Post your code, this may also help to debug it.

Regards
Michel
Re: Data Loading problem of French Input file [message #563716 is a reply to message #563705] Thu, 16 August 2012 10:55 Go to previous messageGo to next message
pradeepsanthosh
Messages: 7
Registered: August 2012
Junior Member
Thanks for the quick response !!

please find the details below.


1) connecting to oracle

EXEC SQL WHENEVER SQLERROR GOTO connect_error;
EXEC SQL CONNECT :username IDENTIFIED BY :password USING :ssid;


2) structure is

struct ref_ident
{
char nom_commercial [40];
char adr_no_voie [4];
char tel_entite [14];
char fax_entite [14];
char no_tva [14];
char no_siret [14];
char code_ape [4];

};


host variables are declared
commercial_name char(41);
tel_number char(15);

2) read records into the structure in loop one by one into structure ref_ident and then insert into a table

while(!feof(fp_read))
{


pt_struct = &ref_ident;
taille_struct = sizeof(struct _ref_ident);
fread(pt_struct,taille_struct,1,fp_read);


-- after reading into the structure some structure values are used to insert record into a table

memset(commercial_name,'\0',strlen(commercial_name));
memset(tel_number,'\0',strlen(tel_number));

strncpy(commercial_name,ref_ident.nom_commercial,40);
strncpy(tel_number,ref_ident.tel_entite,14);

-- inserting into table

printf("NAME[%s] LEN[%d] TELE[%s] LEN[%s]",commercia_name,strlen(commercial_name),tel_number,strlen(tel_number));

EXEC SQL
INSERT INTO CUSTOMER (NAME,TELEPHONE_NUM)
VALUES (:commercial_name,:tel_number);

-- Commiting in the end

EXEC SQL
COMMIT;


fgetc(fp_read)
}


make file
----------------------------

# Suffix rules
##############

.SUFFIXES: .pc


# definition
############

CODE=ANSI_C
SHELL=/usr/bin/ksh
LIB=${VERS}/lib
BIN=${VERS}/bin
SRC=${VERS}/src/proc
MAKE=${VERS}/make
LIBHOME=${ORACLE_HOME}/lib32
PROC=${ORACLE_HOME}/bin/proc
PROFLAGS=include=${LIB} line=yes code=${CODE}
CC=/logiciel/SUN_Studio_11/SUNWspro/bin/cc
LDFLAGS=-L${LIBHOME}
LIB806=${LIBHOME}/libclntsh.so -lc -lm
PROLDLIBS= ${LDFLAGS} ${LIB806}
OBJ=${MAKE}/load_detail.o
EXE=${BIN}/load_detail.exe

RM = rm -f



# regles
########

${EXE} : ${OBJ}
${CC} ${LDFLAGS} ${OBJ} -o ${EXE} ${PROLDLIBS} -L${LIB} -llogito -L${LIB} -lmodulecrm

${MAKE}/load_detail.o : ${SRC}/load_detail.c
${CC} -c ${SRC}/load_detail.c -I/usr/include -I${LIB}

${SRC}/load_detail.c : ${SRC}/load_detail.pc
${PROC} ${PROFLAGS} iname=${SRC}/load_detail.pc SQLCHECK=SEMANTICS USERID=$username/$passwd@$sid

clean :
$(RM) $(MAKE)/load_detail.o \
$(RM) $(SRC)/load_detail.lis \
$(RM) $(SRC)/load_detail.c


---------------------


I compiled it , there were no warnings . my default server profile language $NLS_LANG was us en_us utf8.
so i changed it to French
export NLS_LANG='French_France.WE8ISO8895P1'
export LANG ='fr_FR.ISO8859-1'

then executed the binary

it got completed successfully all the records were loaded but those who had french character in it were loaded with truncated values.

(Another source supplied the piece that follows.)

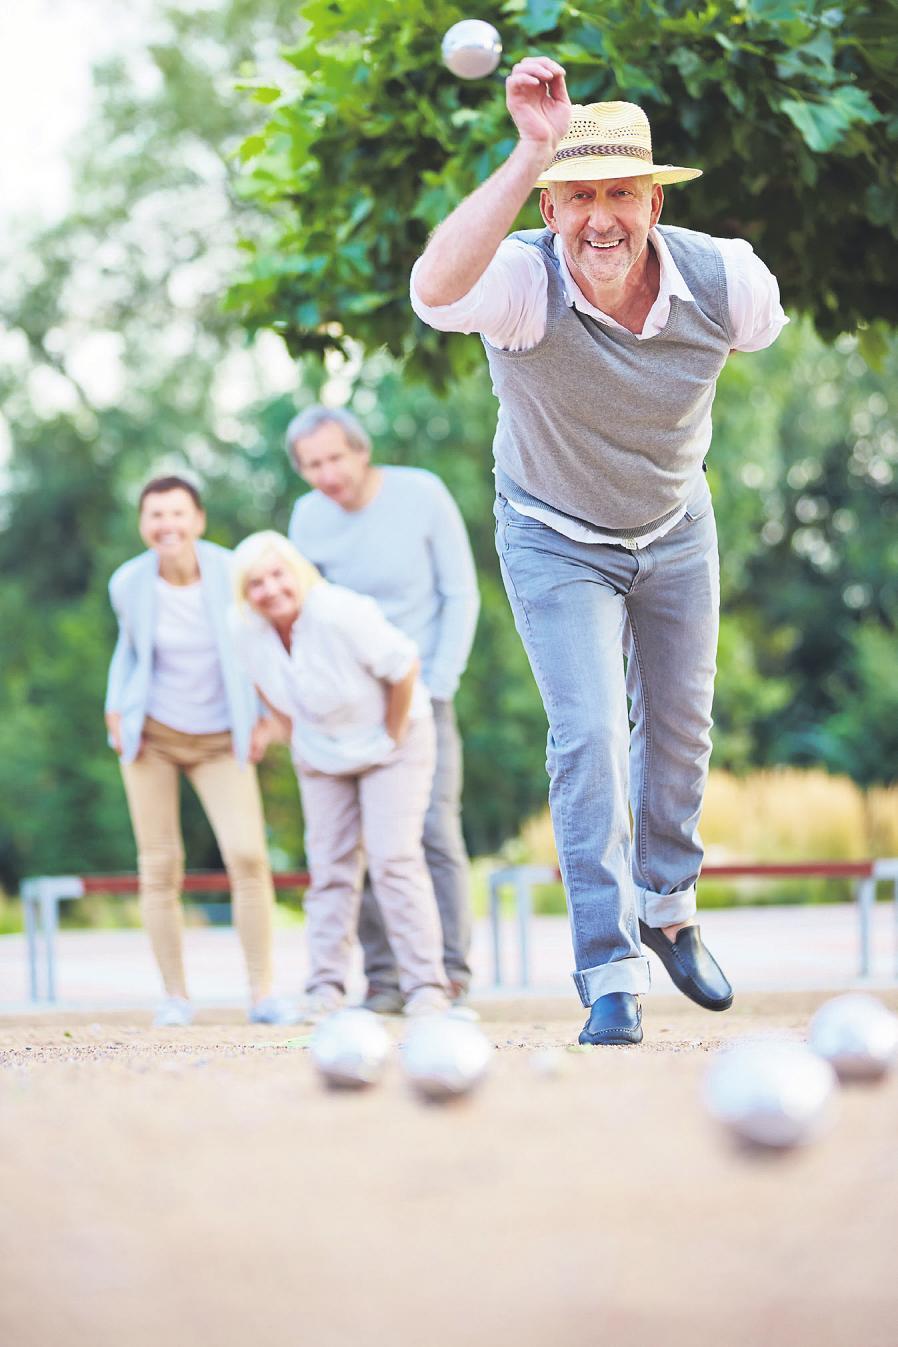 Gemeinsame Aktivität mit anderen Bewohnern ist einer der großen Vorteile, den das Leben in einer Seniorenresidenz mit sich bringt Bild: Robert Kneschke/stock.adobe.com

I connected to database from the same putty session using sqlplus

and also checked the NLS settings were of french only

SELECT * FROM nls_session_parameters;


select name,telephone_num from customer;

-- gave me truncated values for records which had french special character
Re: Data Loading problem of French Input file [message #563722 is a reply to message #563716] Thu, 16 August 2012 11:03 Go to previous messageGo to next message
pradeepsanthosh
Messages: 7
Registered: August 2012
Junior Member
About the database characterset , i guess it is UTF-8 but i will confirm you once i sign in tomorrow @ offc Wink .
i was totally freaked out today by this issue but i am glad now that i have some support from you all.
happy to join you guys !!!

I tried studying about nchar and nvarchar too . but since it was too late @ offc , i came back home disappointed Sad .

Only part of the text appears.